Money Made Me Clueless
In 2013, a teenager who was drunk, speeding, and driving on an invalid license drove into a group of people. The boy who gave himself permission to drive killed four people and injured nine others. The teen, Ethan Couch’s, group of defense attorneys said the boy suffered from “affluenza,” a term they invented to be a cross between “affluent” and “influenza.” The word means that the boy’s wealth didn’t allow him to grasp the magnitude of his actions’ consequences. That’s probably accurate, but a pretty freakin’ lame excuse.
But the judge bought it, and Couch’s cluelessness lessened his conviction from 20 years in prison to a sentence of probation and rehab. The teen spent most of his gruesome sentence in a top-notch facility that forced him to enjoy the beautiful weather all day long in sunny California. While his victims’ families mourned the loss of their loved ones, Couch’s “prison” days were spent horseback riding and learning karate, a boring punishment for the affluent youth. This must be why some species eat their young.

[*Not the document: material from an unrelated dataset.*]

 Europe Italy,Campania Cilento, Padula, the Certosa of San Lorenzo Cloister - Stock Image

Homosexuality Took Me By Surprise
Don’t you hate it when you guess wrong? Well, Jonathan Schmitz can tell you all about that. He was invited onto a talk show where he was to learn who his secret admirer was. When he stepped onstage, he saw a beautiful woman from his apartment complex, Donna Riley. Thinking she was his admirer, Schmitz gave Riley the biggest, wettest kiss he could. However, he was pulled away by a producer who told Schmitz that he was kissing the wrong person; his actual admirer was a man named Scott Amedure, who was, unfortunately, not as good of a kisser.

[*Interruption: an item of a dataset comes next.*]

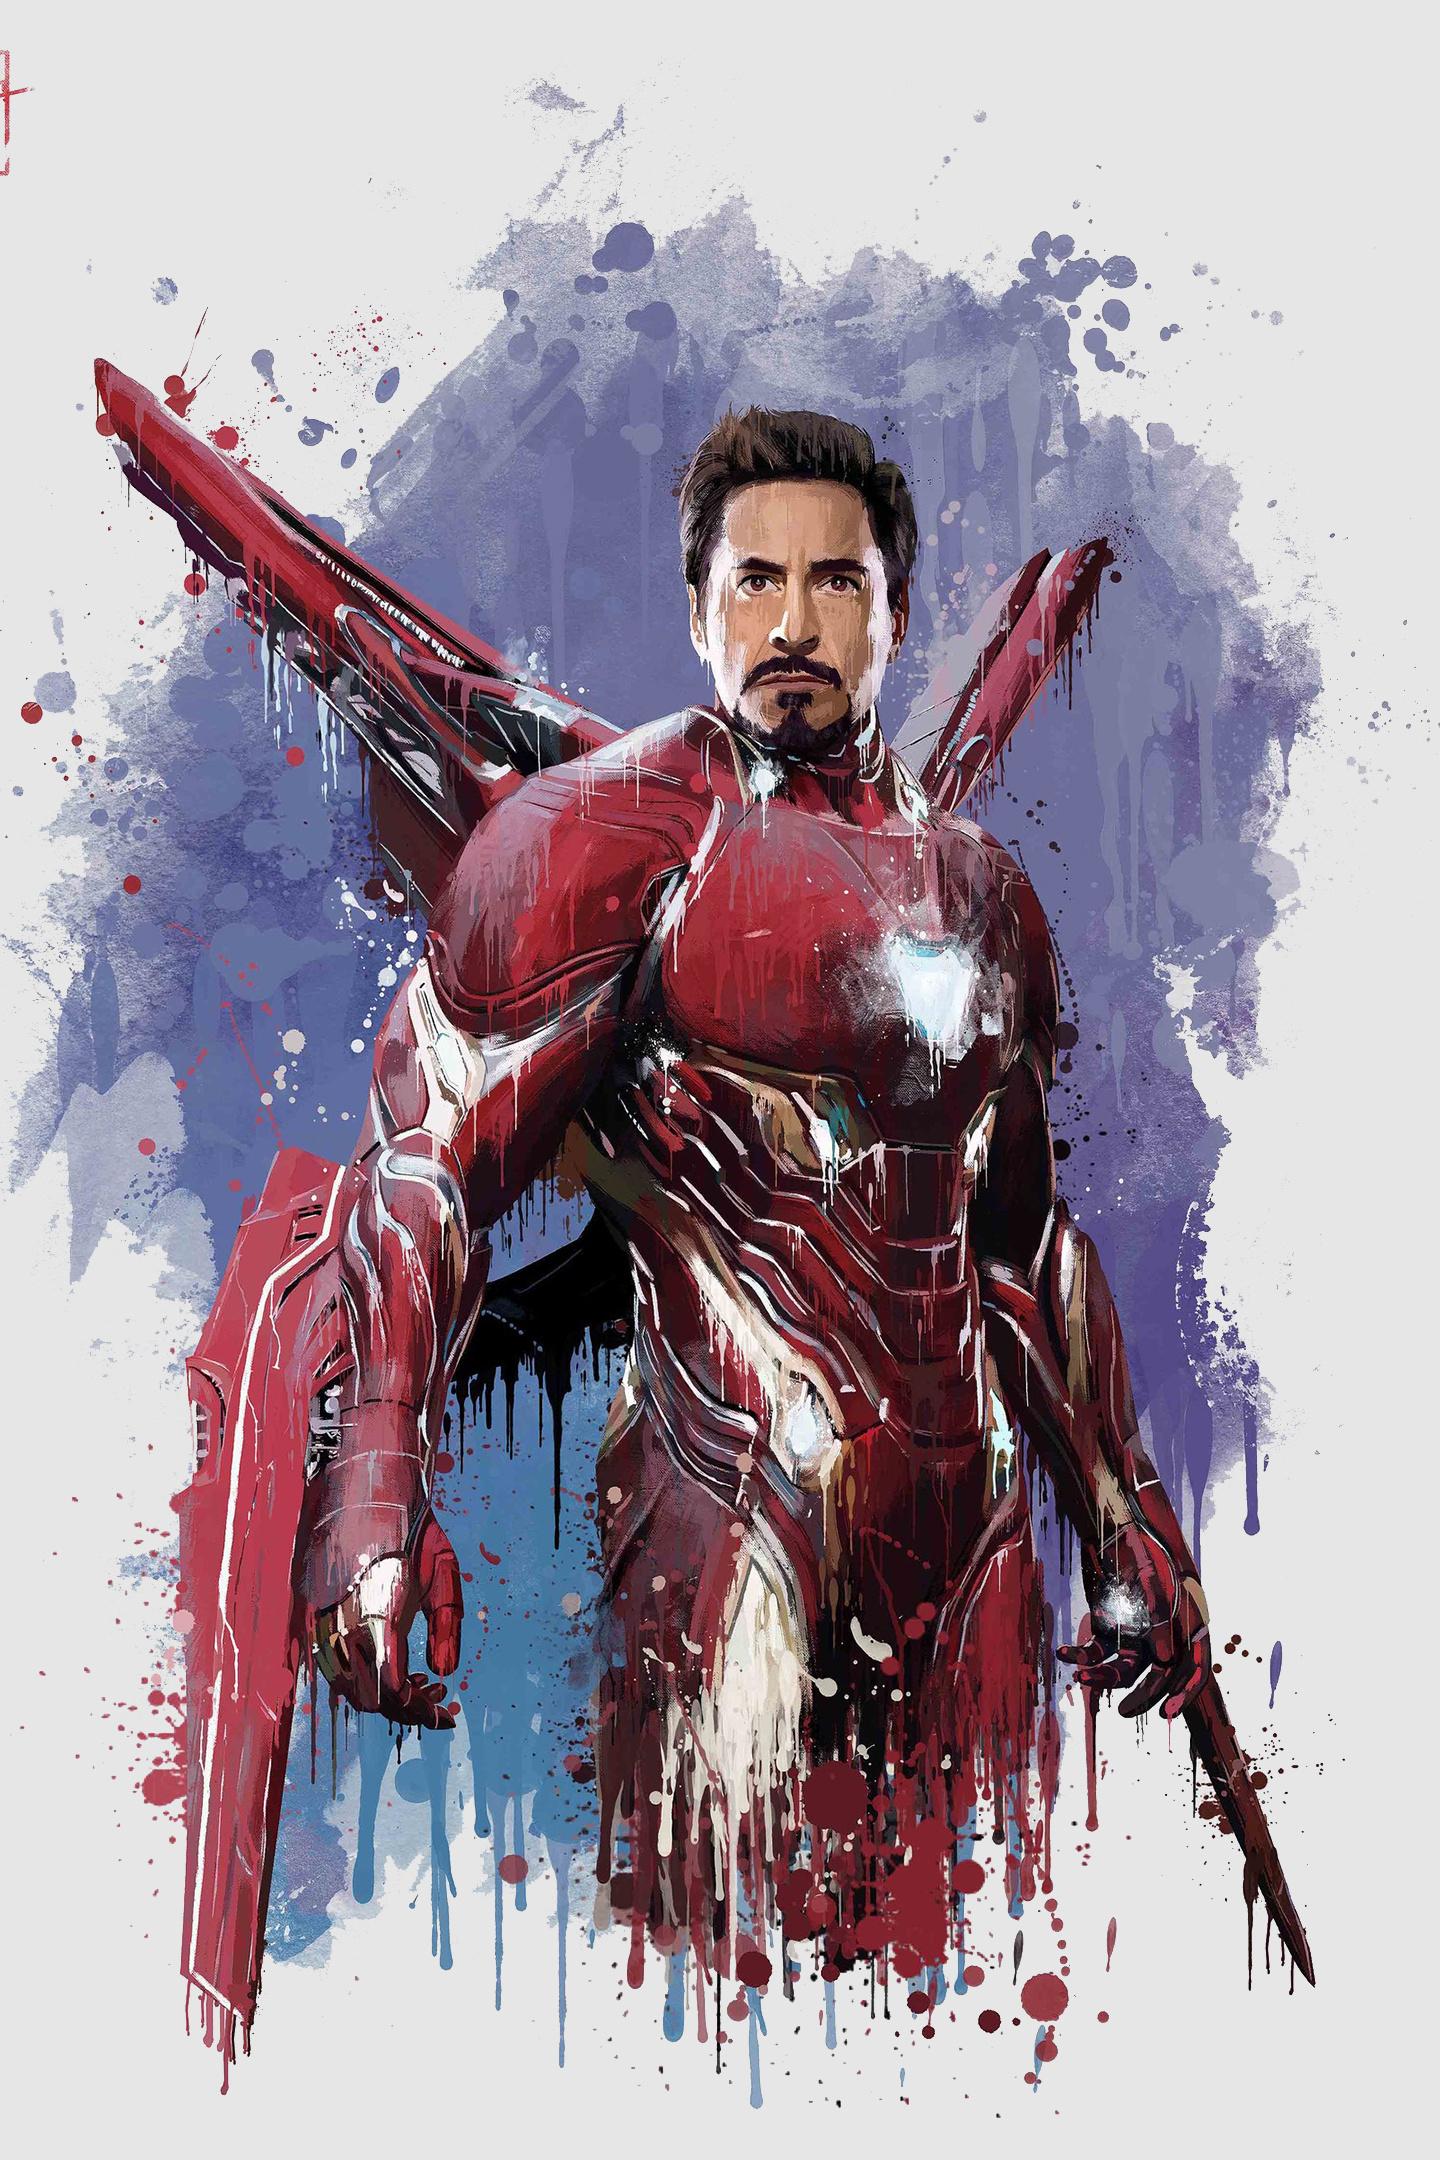 Download 1440x2880 Wallpaper Iron Man New Suit Avengers

Schmitz hadn’t been told the truth, but he was actually on a talk show where gay people revealed their crushes. This was not an ideal place to be for a heterosexual man. Although Schmitz was not happy about this, he played along and laughed as though he was tickled pink when Amedure recounted a very intimate fantasy he’d had about Schmidt.
Here’s where an otherwise amusing story takes a darker turn. A few days after they were on the show, Schmitz found a love letter on his door. Figuring it was Amedure, he bought bullets and a gun and went to Amedure’s apartment, planning to penetrate Amedure with something hard. Amedure joyfully confessed that he had written the note, and Schmitz killed him.
At trial, Schmidt’s defense was that he was suffering from diminished capacity because he had been so embarrassed by what happened on the talk show and shocked from finding the note. The evidence showed deliberation and premeditation, but Schmidt’s gay panic defense allowed him to receive a judgment of second-degree murder rather than first-degree. Schmidt now stays away from talk shows.
Not Sleep-Walking but Sleep-Sexing
A woman fell asleep at a house party and awoke to find a man, Jan Luedecke, attempting to rape her. Luedecke claimed that he didn’t know that he was penetrating the woman but awakened to find himself in a bathroom wearing a pink condom. Personally, I hate it when that happens.
A doctor for the defense said that Luedecke had a history of sleep sex and that his night of heavy drinking and drug-consumption worsened his condition. Luedecke was acquitted of the charges, and when the state appealed, he was acquitted again. Luedecke won his case, and he didn’t even have to fall asleep in court to prove his claims to be true.
Criminals are not widely known for their intelligence, but occasionally display creativity. When we hear stories like these, we’re not sure whether to laugh at the creativity of the defense, or cry because the culture accepts it. But we choose to laugh, because we still have a job to do.